▸ **Information shown**:
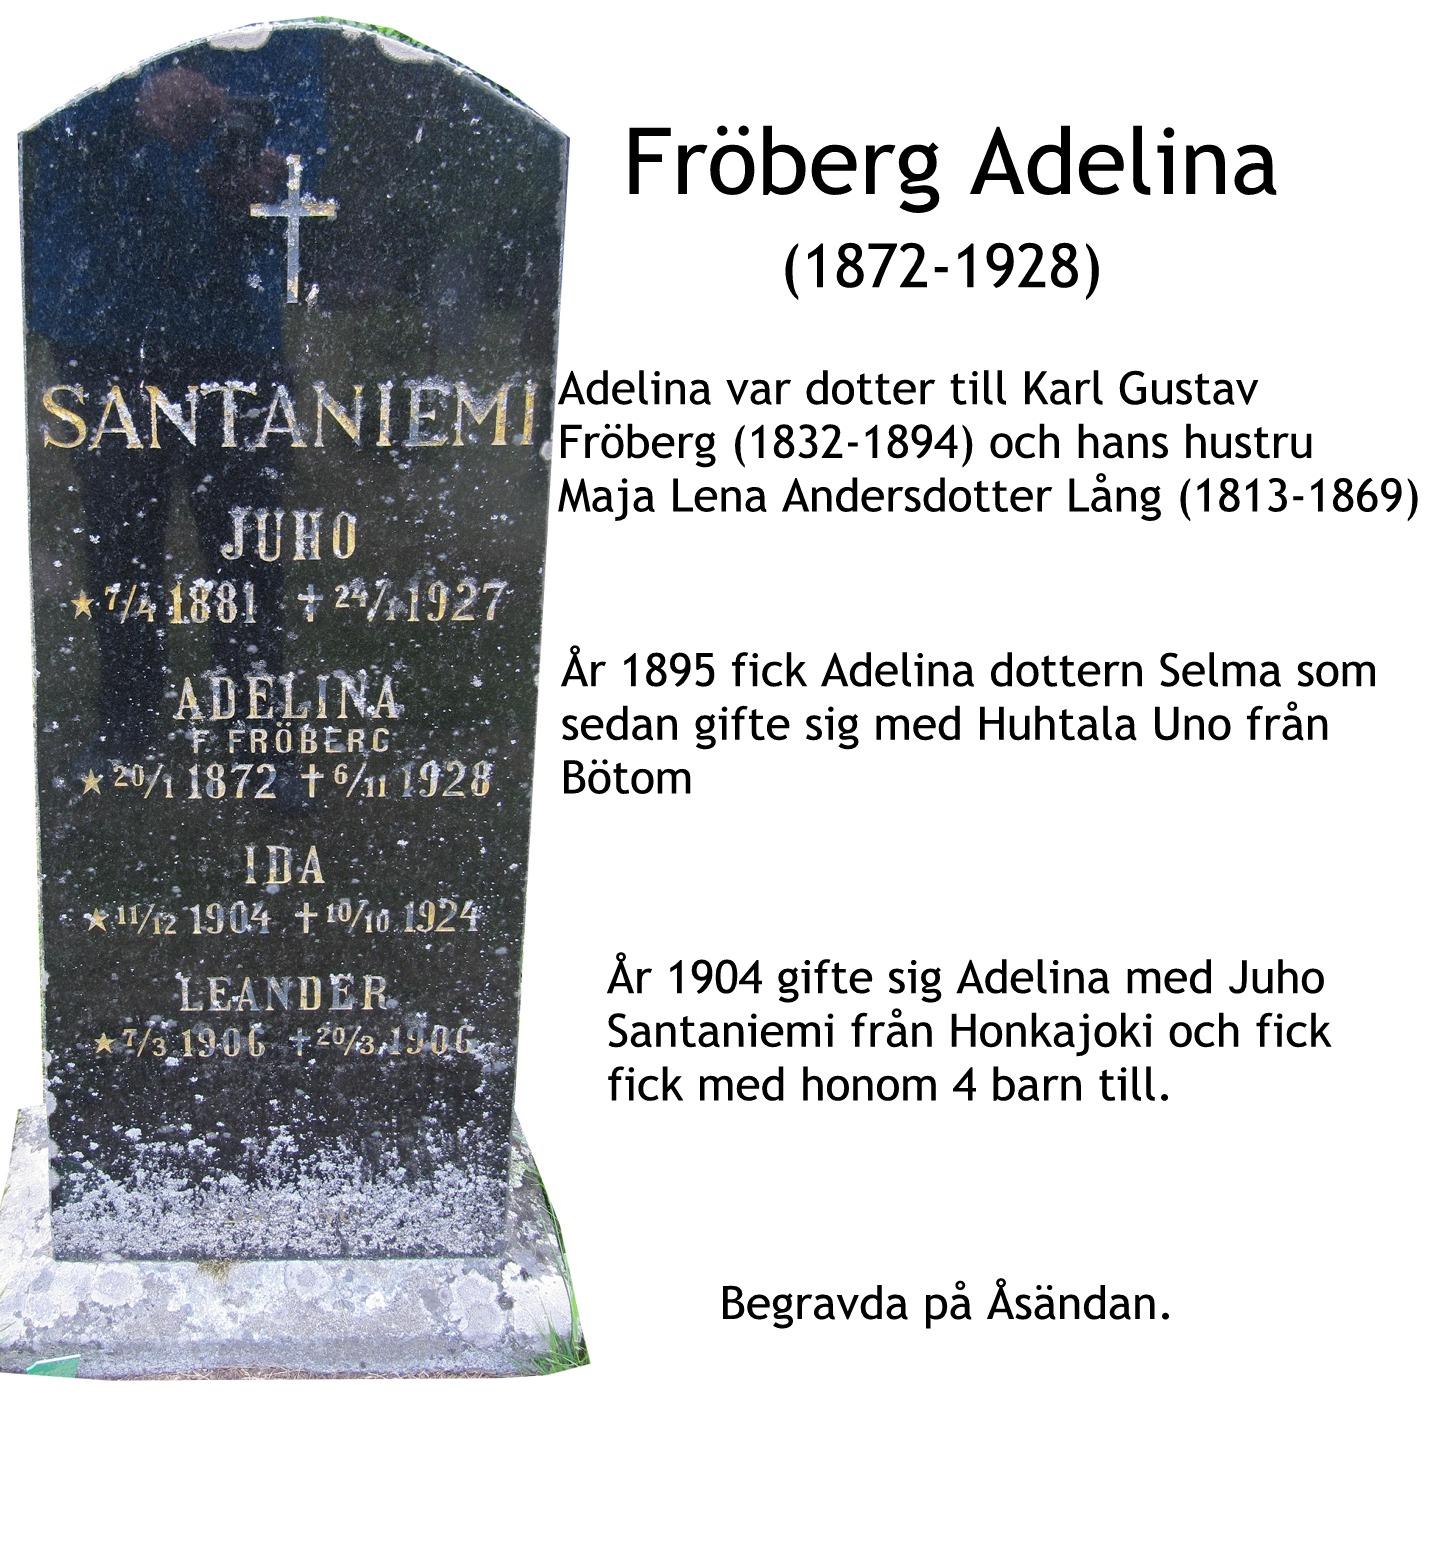 Fröberg Adelina
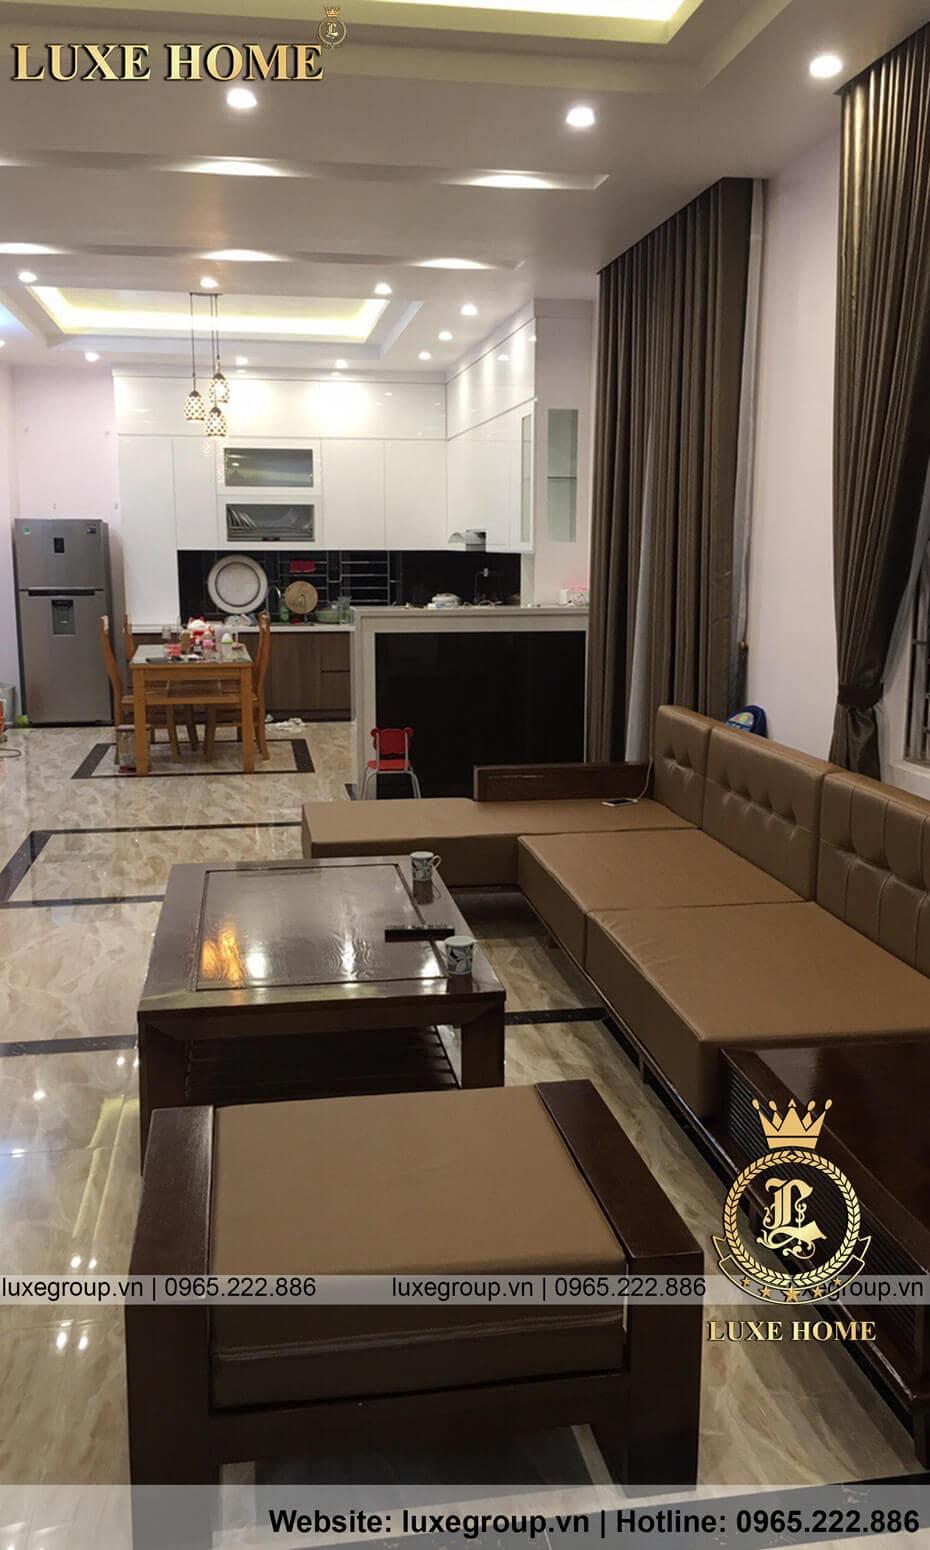 thiết kế nội thất phòng khách nt 2123 12
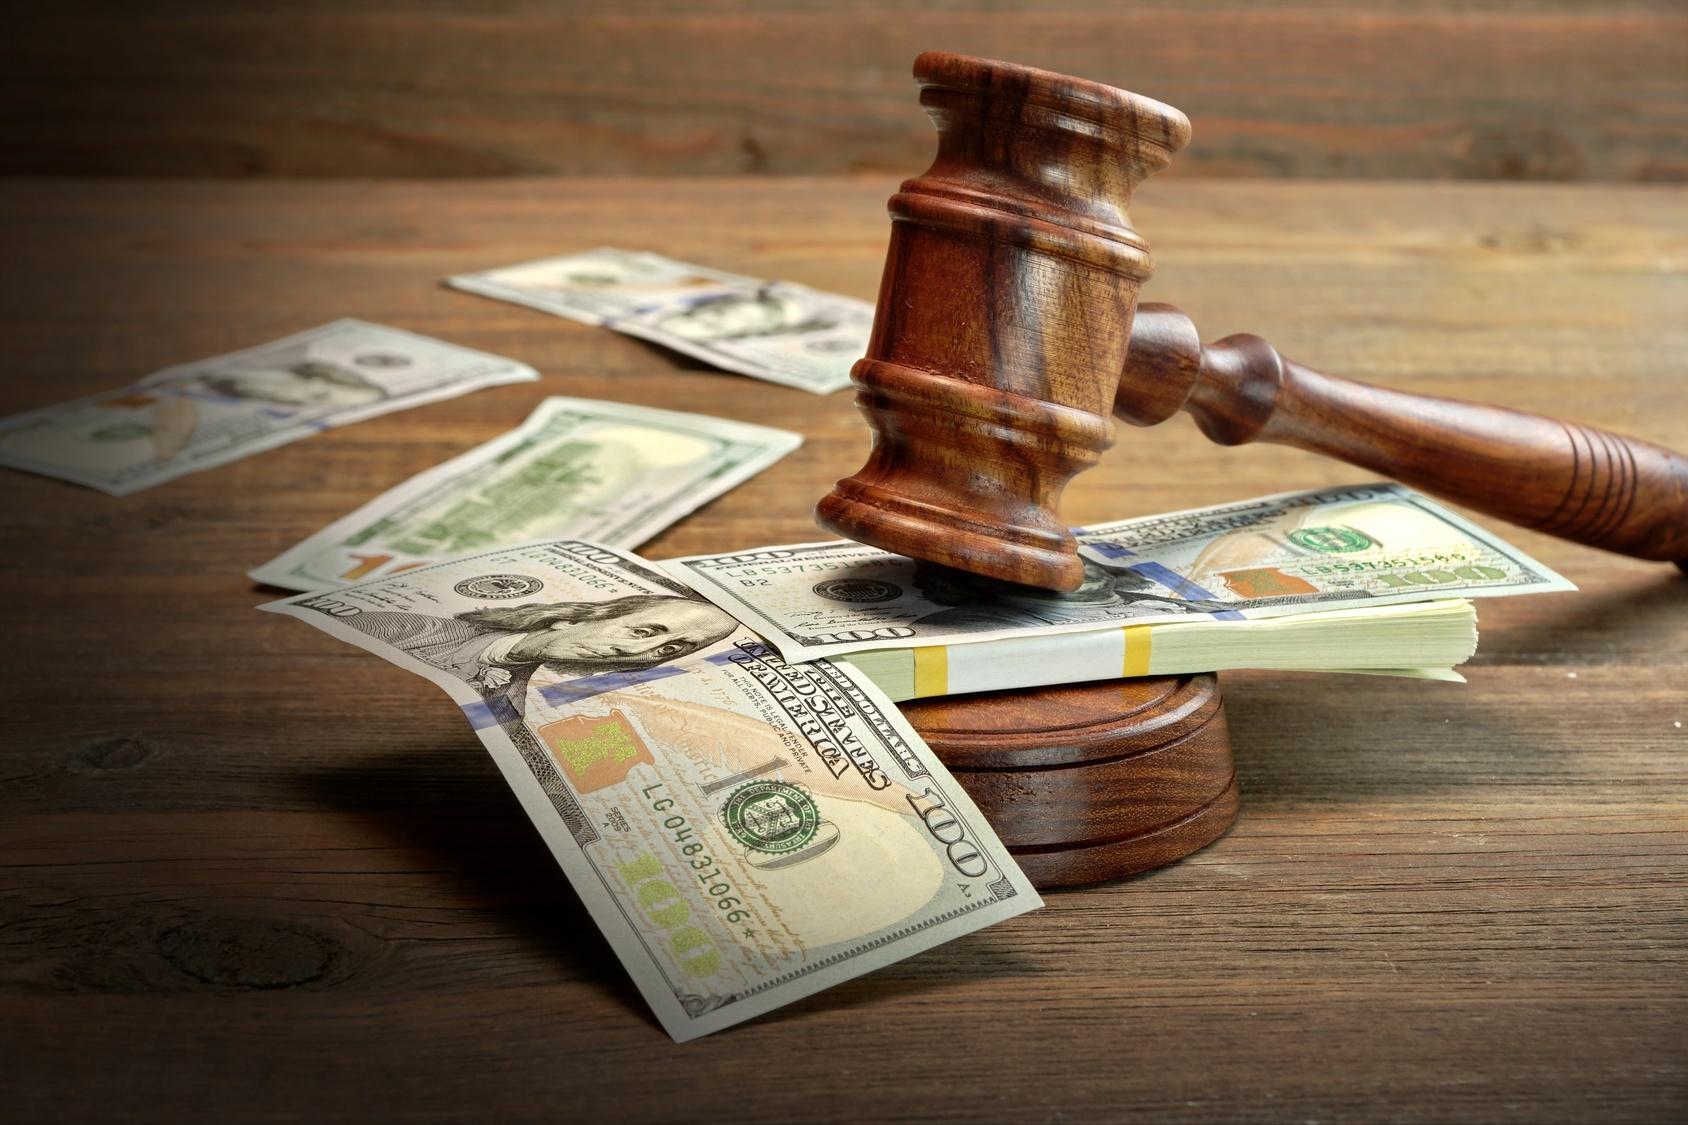 巨额财产来源不明罪的处罚规定

▸ **Problem to work on**:
The response is the full listing, copied exactly, with the pictures omitted.

▸ **Exercise result**:
 Fröberg Adelina
 thiết kế nội thất phòng khách nt 2123 12
 巨额财产来源不明罪的处罚规定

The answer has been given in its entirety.